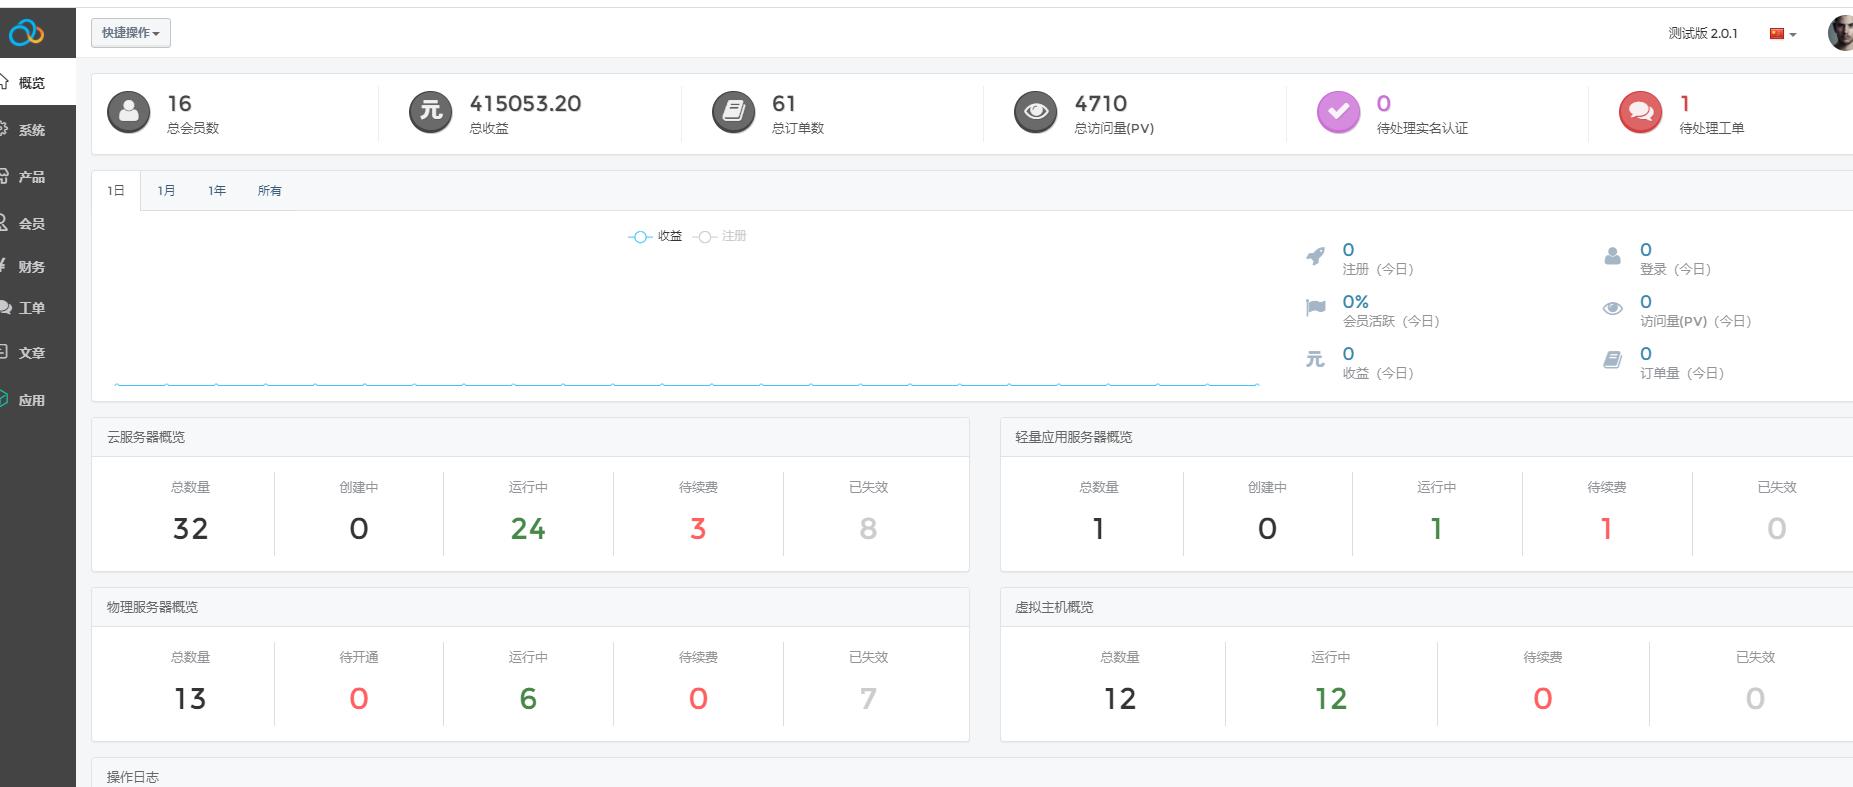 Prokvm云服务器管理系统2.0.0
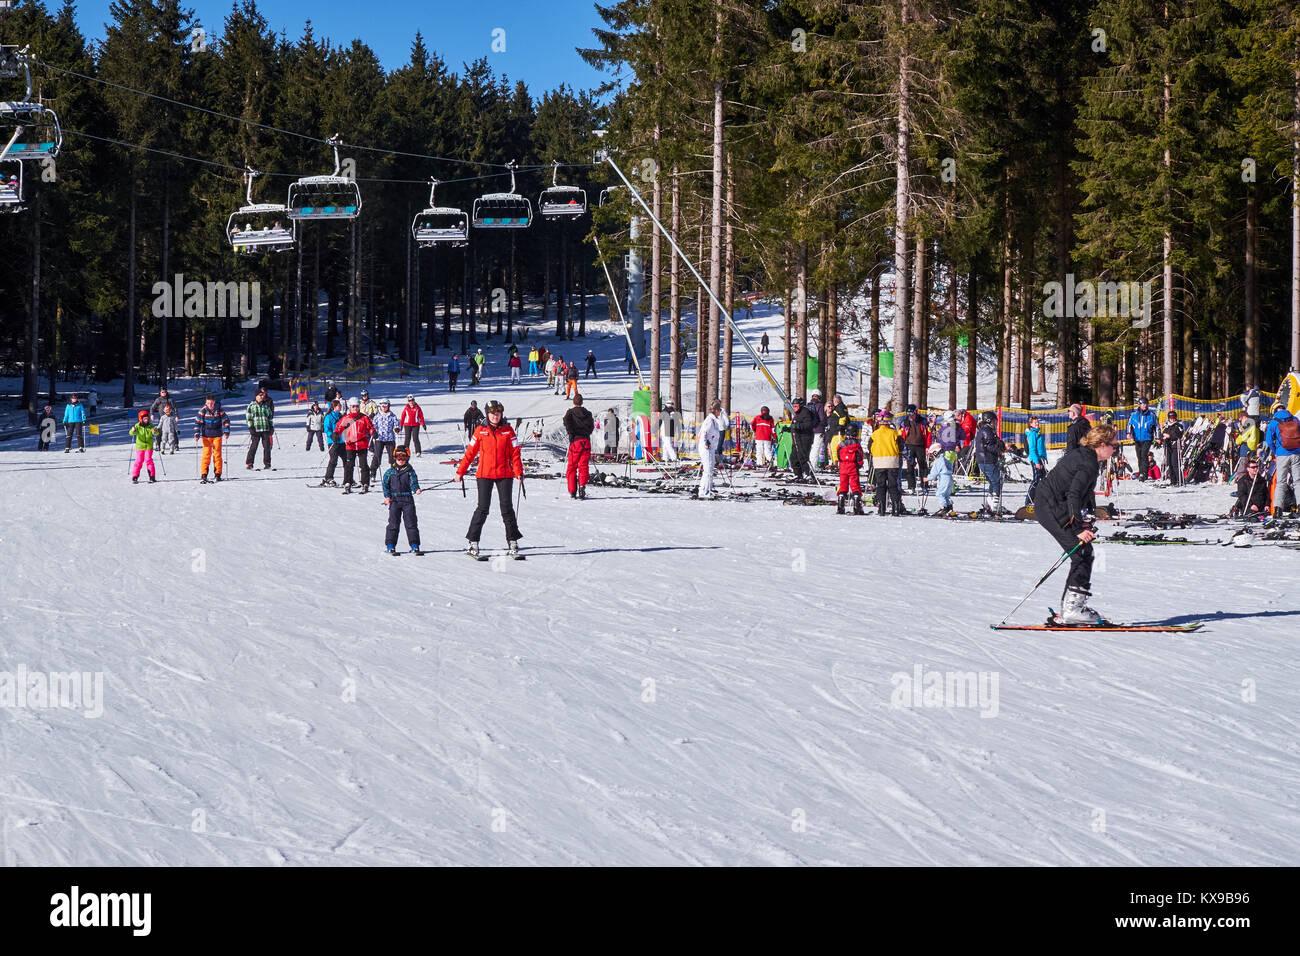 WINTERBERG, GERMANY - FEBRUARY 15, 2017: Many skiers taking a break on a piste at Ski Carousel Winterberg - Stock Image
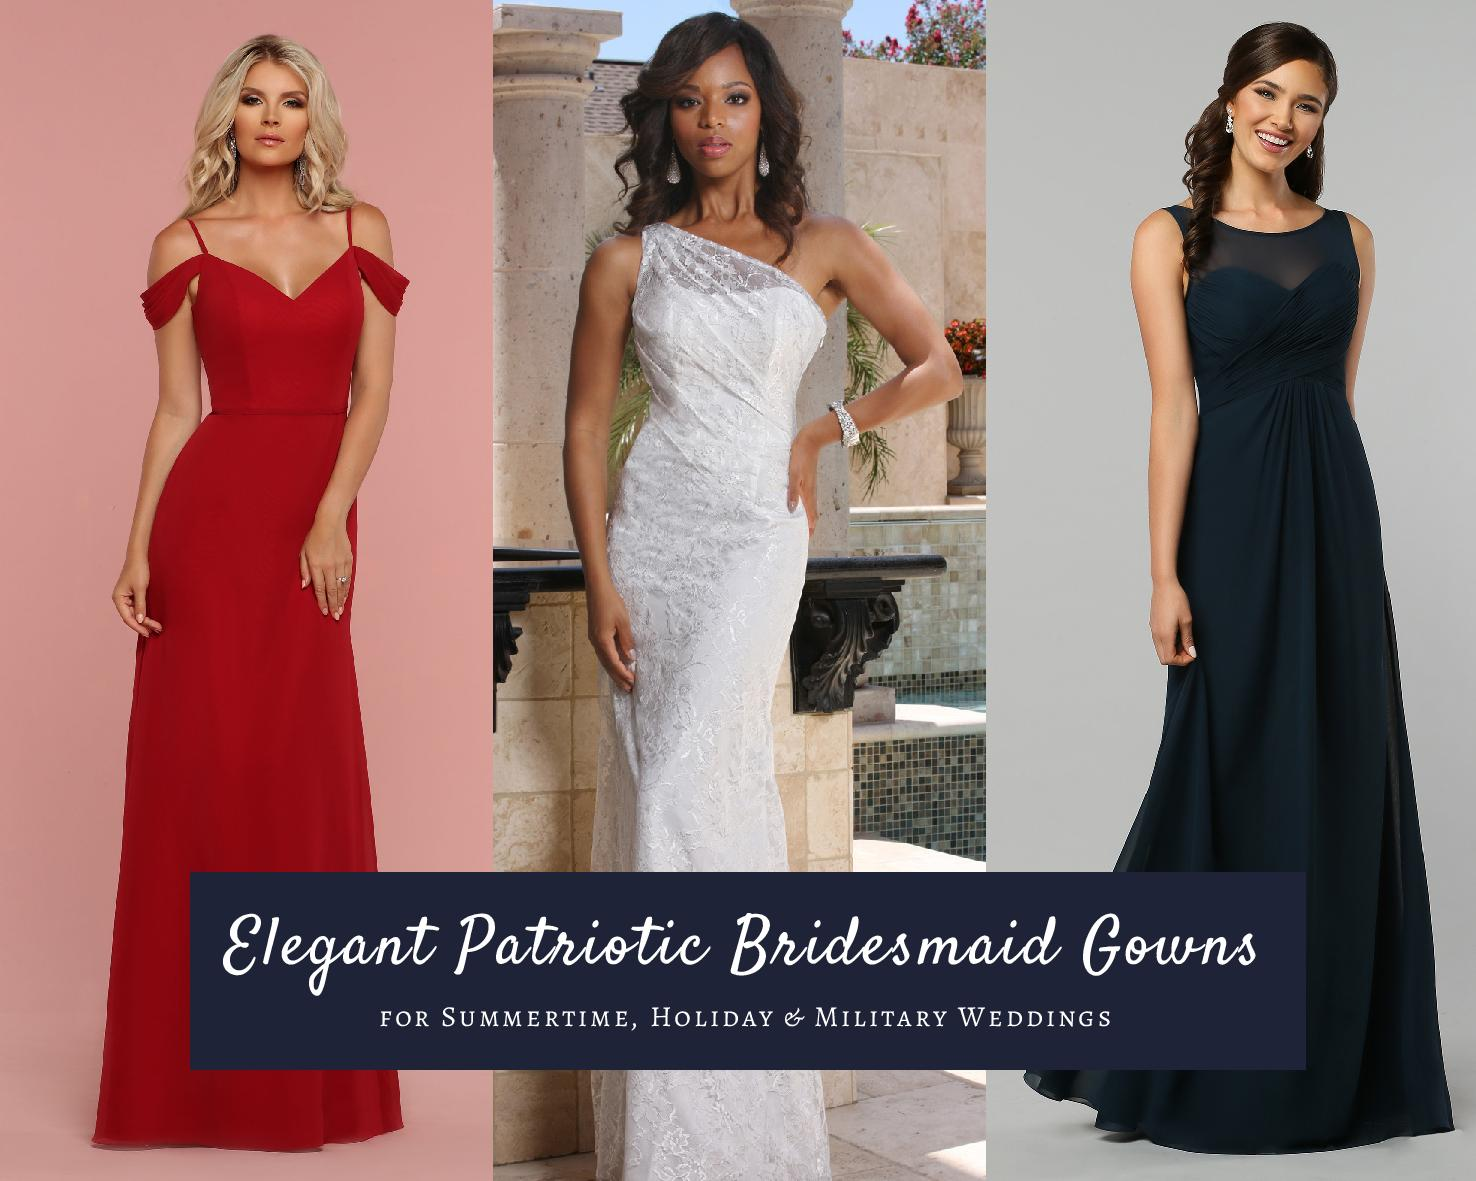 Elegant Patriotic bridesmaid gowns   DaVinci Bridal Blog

++++

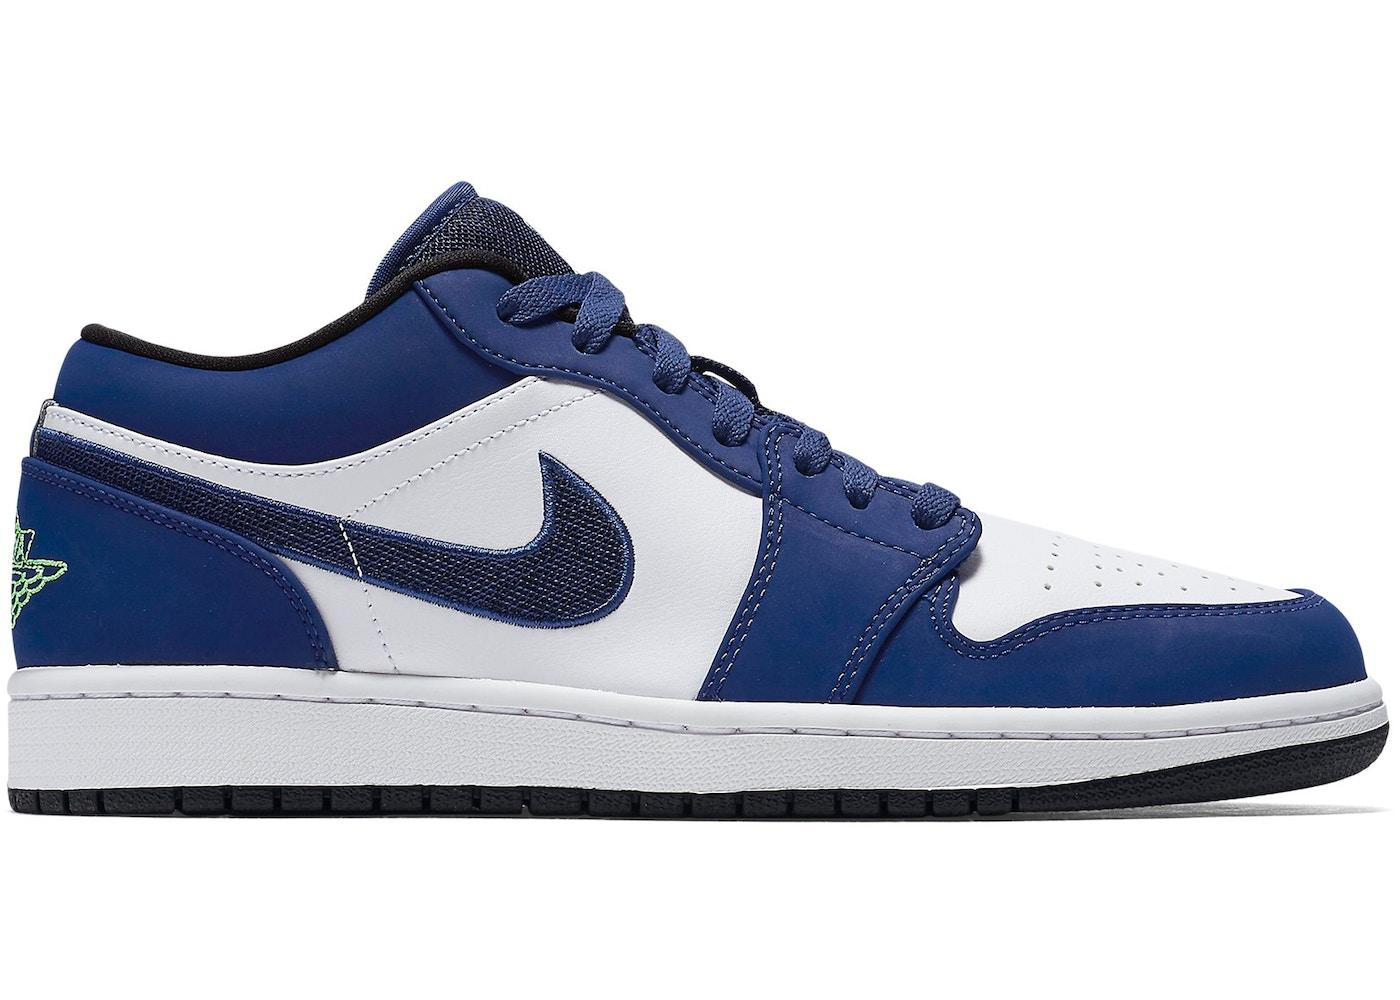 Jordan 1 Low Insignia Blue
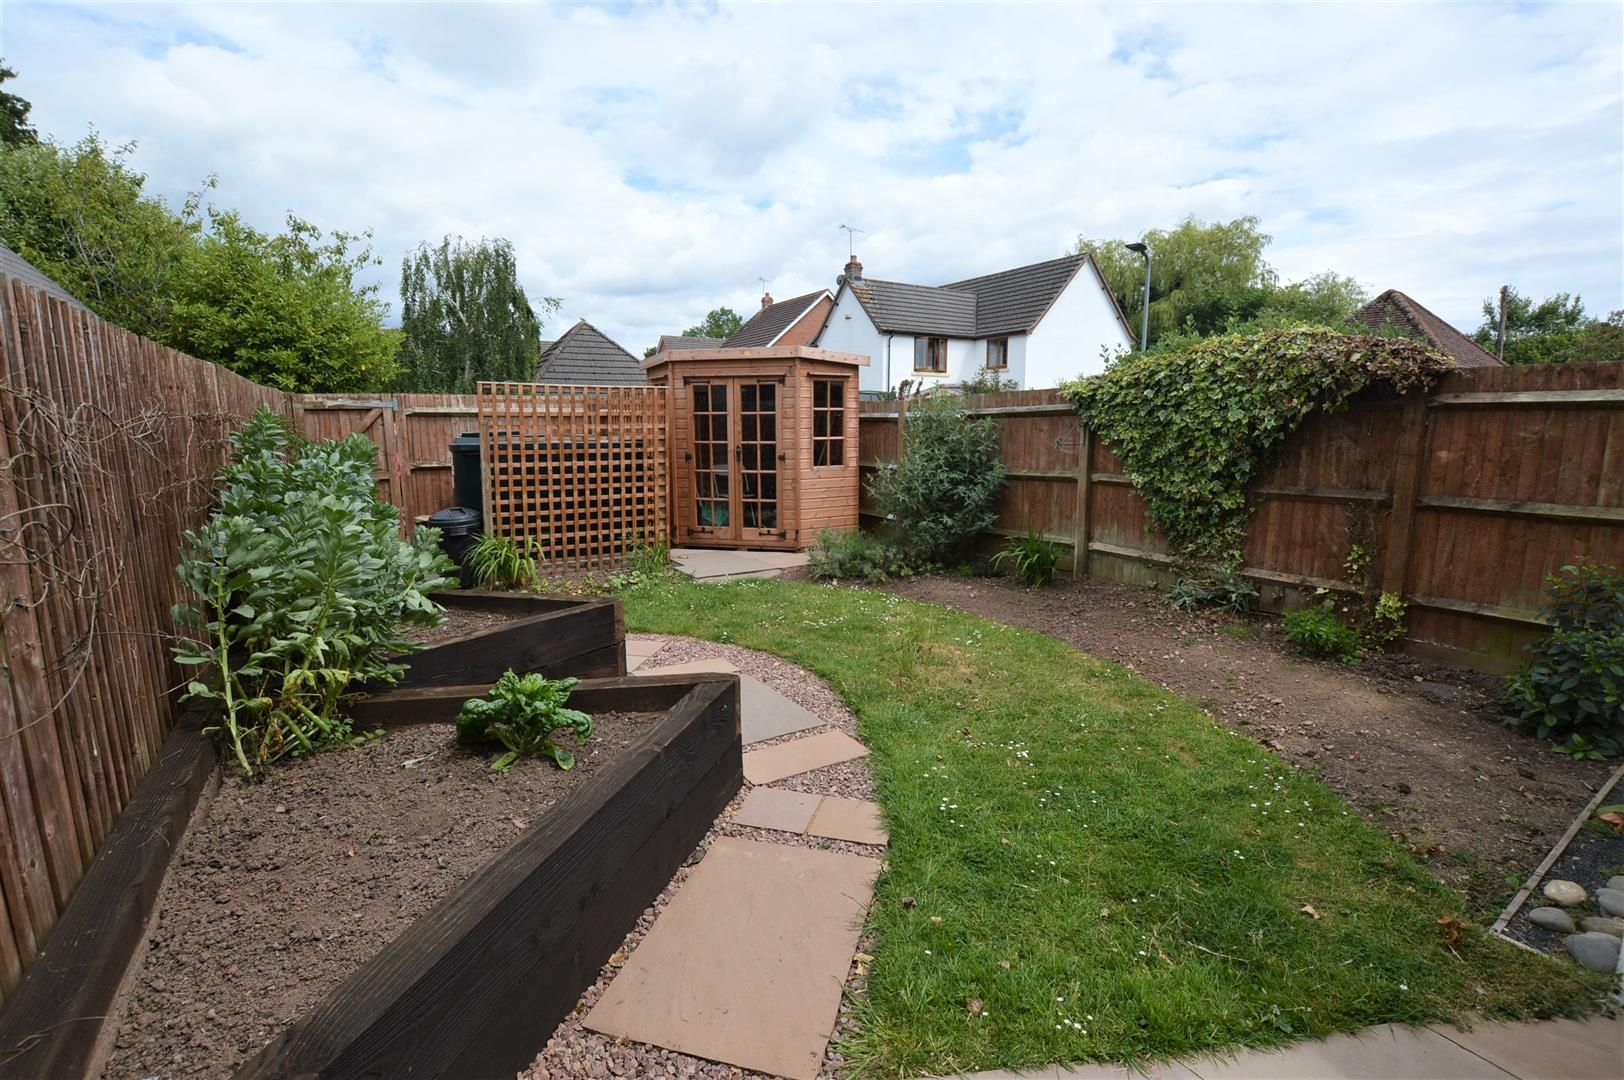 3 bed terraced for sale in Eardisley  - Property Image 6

++++

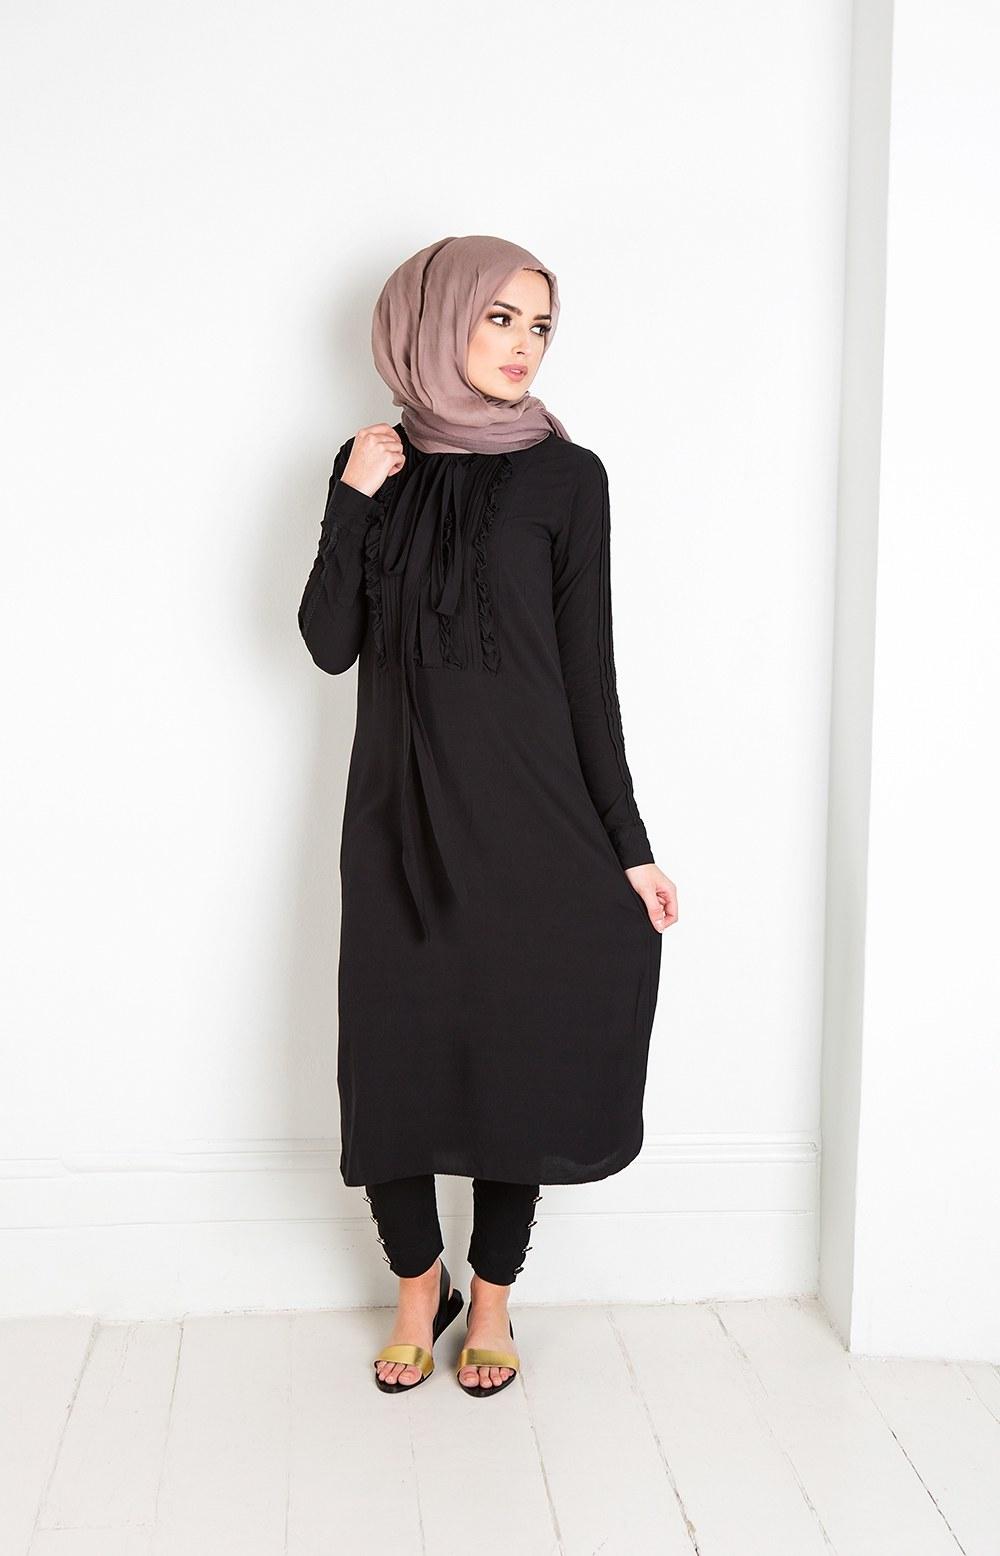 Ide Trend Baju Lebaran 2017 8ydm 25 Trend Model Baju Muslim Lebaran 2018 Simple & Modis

++++

WORK TO BE COMPLETED: Go back to the listing above and reproduce, exactly, the stretch from the line bearing "Prokvm云服务器管理系统2.0.0" through the line bearing "Elegant Patriotic bridesmaid", without its pictures.

RESPONSE:
 Prokvm云服务器管理系统2.0.0
 WINTERBERG, GERMANY - FEBRUARY 15, 2017: Many skiers taking a break on a piste at Ski Carousel Winterberg - Stock Image
 Elegant Patriotic bridesmaid gowns   DaVinci Bridal Blog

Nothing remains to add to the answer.